# A quote that may explain how people plan?



## Micheal (Jan 28, 2009)

Read an article that had a quote in it from Sociologist Phyllis Moen that may sorta explain a lot:

"Planning for retirement is a lot like planning for a wedding. Both preparations tend to be focused on a single event - - you may not plan for the marriage that follows the wedding or the years that follow your last day on the job."

Thoughts?


----------



## jwal10 (Jun 5, 2010)

Sounds about right, know a few, on both counts....James


----------



## In The Woods (Apr 27, 2017)

This is a good quote!

Nobody can predict the future.

What you think you may want now will be different 10 or 20 years from now.

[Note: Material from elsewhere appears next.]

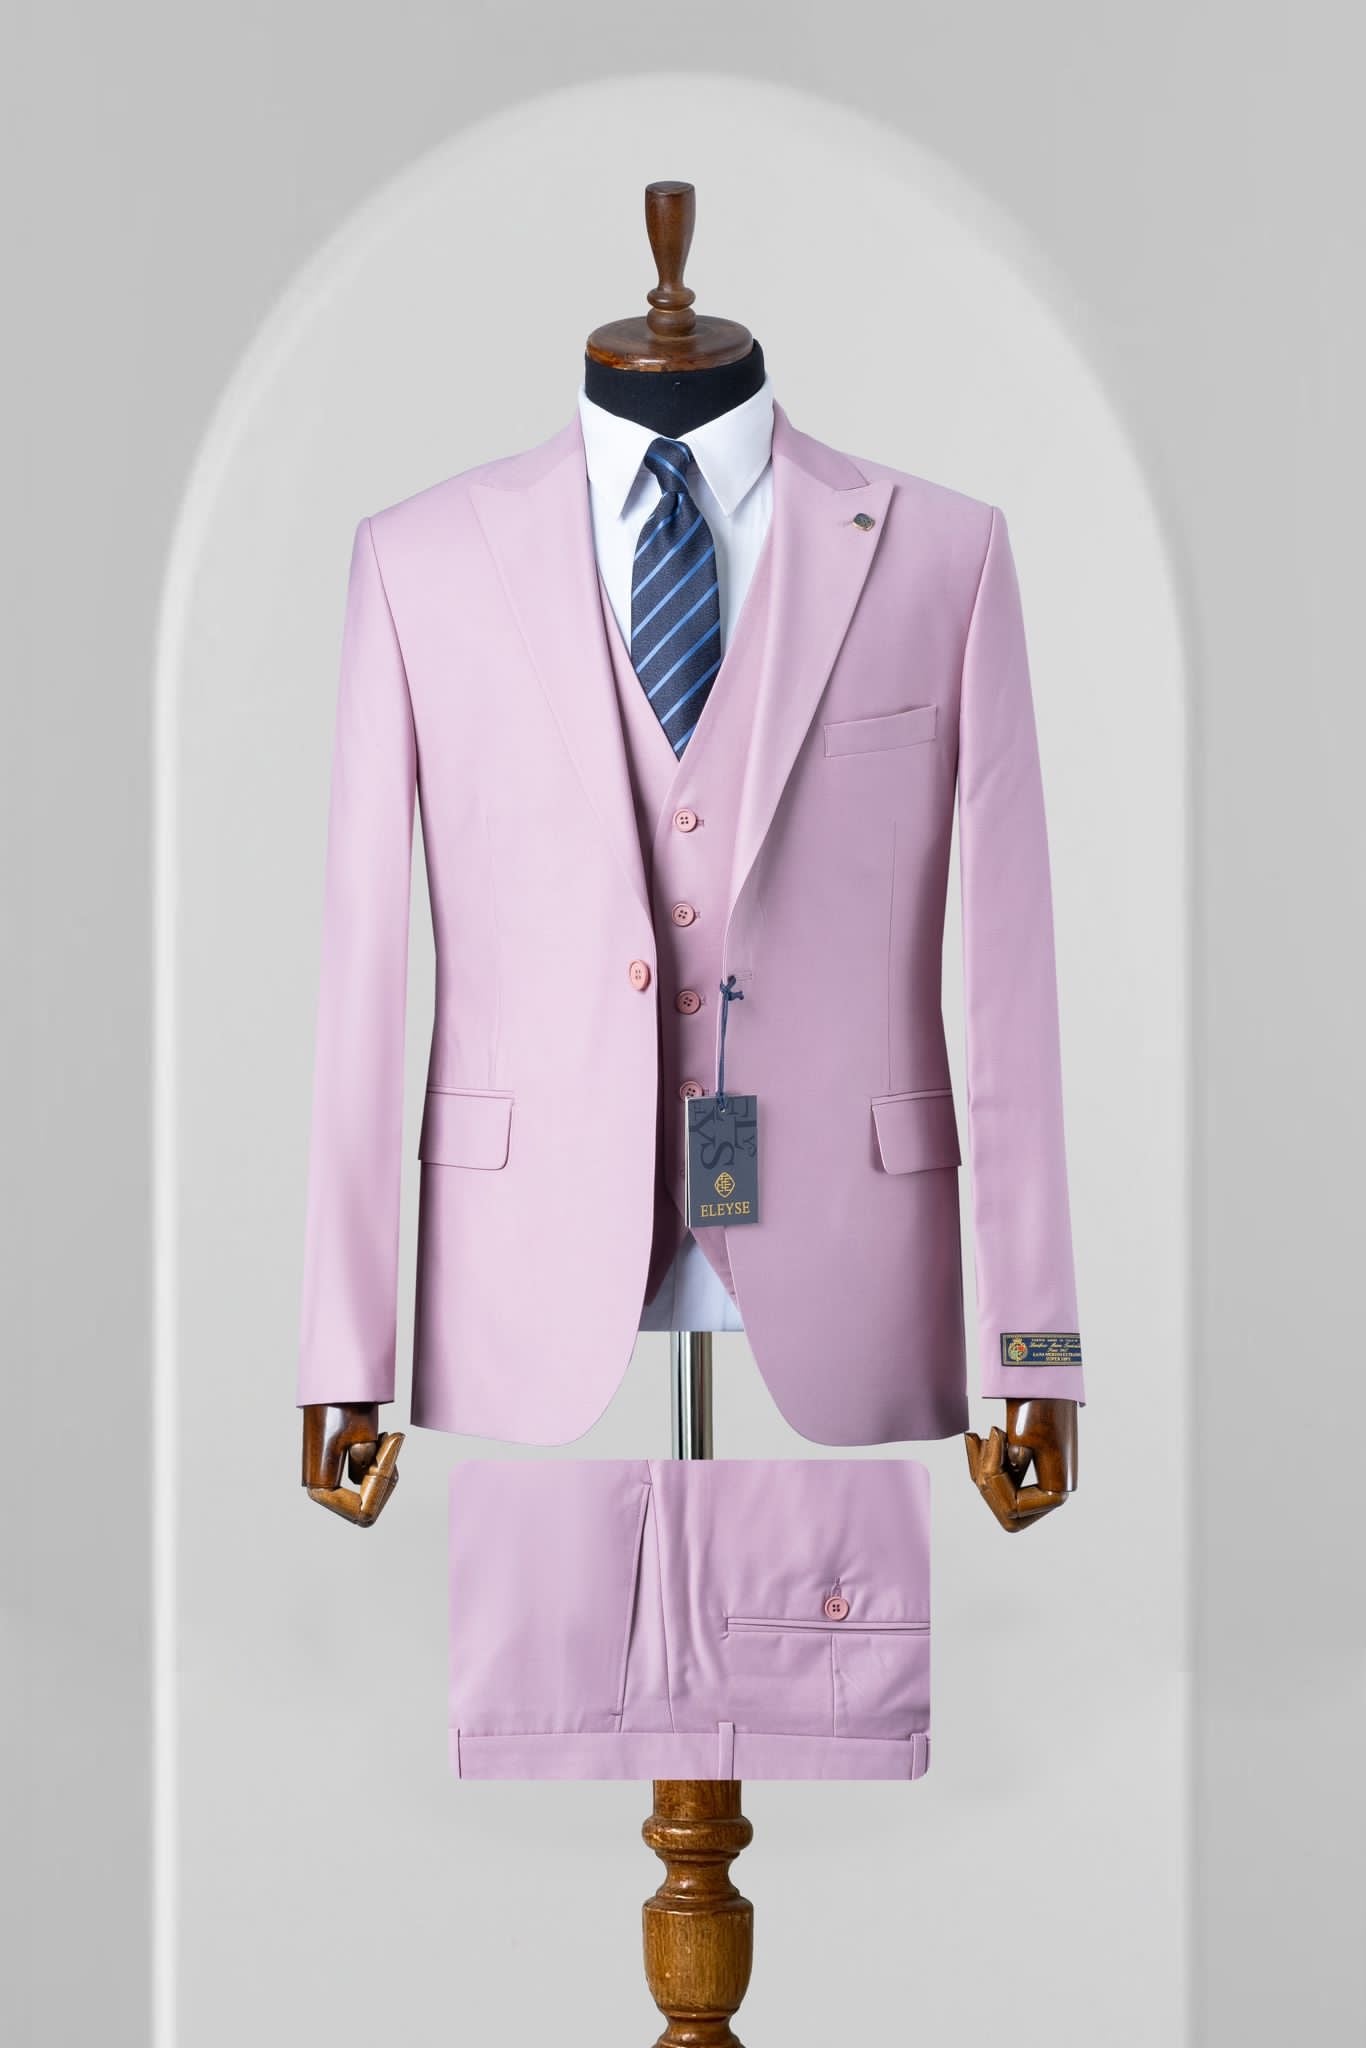 Turkish 3-Piece Suit Wholesale: Authentic 3-Piece Elegance for Discerning Retailers - 6 Suit Pack (Model: AA_Tur_4_256)

I have a long story but won't bore you folks with it here.


----------



## ladytoysdream (Dec 13, 2008)

*In the woods*......please type your long story 
I'd like to read it. And I am sure it won't be boring.
Nice to have you join us here on this forum btw


----------



## lmrose (Sep 24, 2009)

Micheal said:


> Read an article that had a quote in it from Sociologist Phyllis Moen that may sorta explain a lot:
> 
> "Planning for retirement is a lot like planning for a wedding. Both preparations tend to be focused on a single event - - you may not plan for the marriage that follows the wedding or the years that follow your last day on the job."
> 
> Thoughts?


We made lots of plans before we married 37 years ago but there were many unexpected detours along the way. We are planning again in retirement but know to allow for the unexpected. I plan like we will be around for another 25 or 30 years. But I live each to the fullest as it might be my last on this earth!


----------



## ladytoysdream (Dec 13, 2008)

In the woods....
I'm still interested in your long story


----------